PerryScope
By Perry Diaz
By Perry Diaz
Trump’s North
Korea dilemma
In the wake of the Tomahawk cruise missile strikes on a Syrian
airbase and after dropping a 2,100-pound “Mother of all Bombs” – MOAB – in
Afghanistan, North Korea had threatened to test another nuclear weapon, her
sixth test. In reaction, senior U.S.
intelligence officials told the media that the U.S. is prepared to launch a
preemptive strike with conventional weapons against North Korea if they’re
convinced that North Korea is about to perform a nuclear weapons test.

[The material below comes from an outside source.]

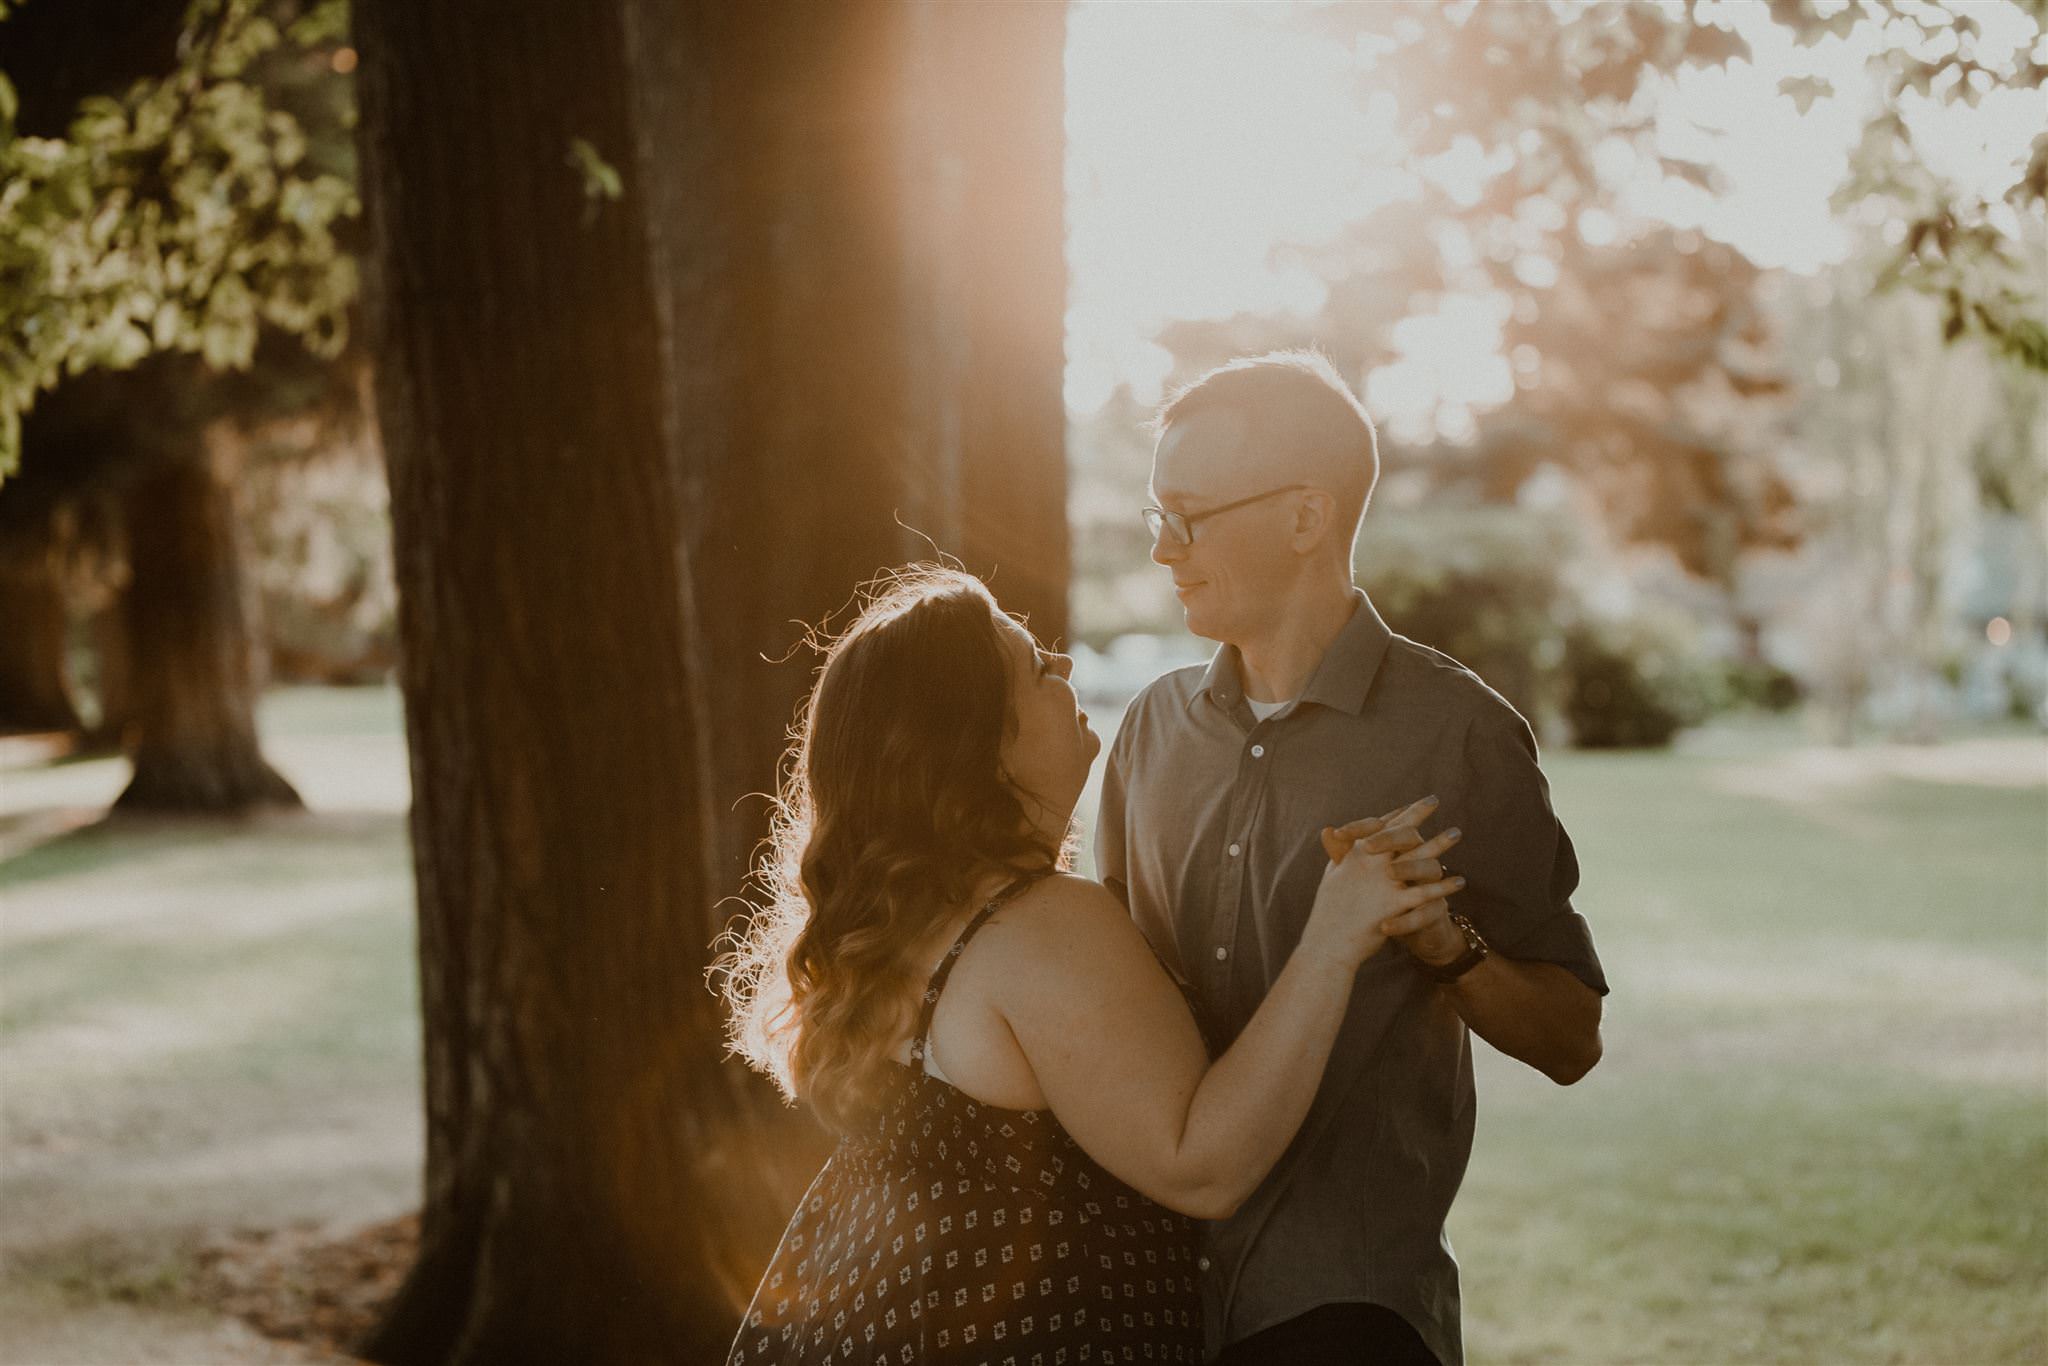 Married couple dancing in the park | PNW couples portraits | www.photomegs.com

Now that Trump has shown that he has cojones and is willing to risk going to war with North Korea, the
geopolitical chess game has changed direction. What happened at the summit meeting between Trump and
Chinese President Xi Jinping at Trump’s Mar-a-lago resort in Florida was one
for the books. Trump told Xi as
they were having dessert, “Mr. President,
let me explain something to you.
We have just fired 59 missiles, all of which hit by the way,
unbelievable, from hundreds of miles away.” Trump said the Xi paused for 10 seconds and then asked the
interpreter to please say it again.
Then Xi told Trump, “Anybody that
was so brutal and uses gases to do that to young children and babies - it's
ok.” In a chess game, that was
a brilliant end game: Trump checked Xi and Xi resigned to avoid a
checkmate.
“We have a good chemistry,” Trump now said of Xi. Not too long ago, when he was
campaigning for the presidency, Trump accused China of being a currency
manipulator and a thief of American jobs.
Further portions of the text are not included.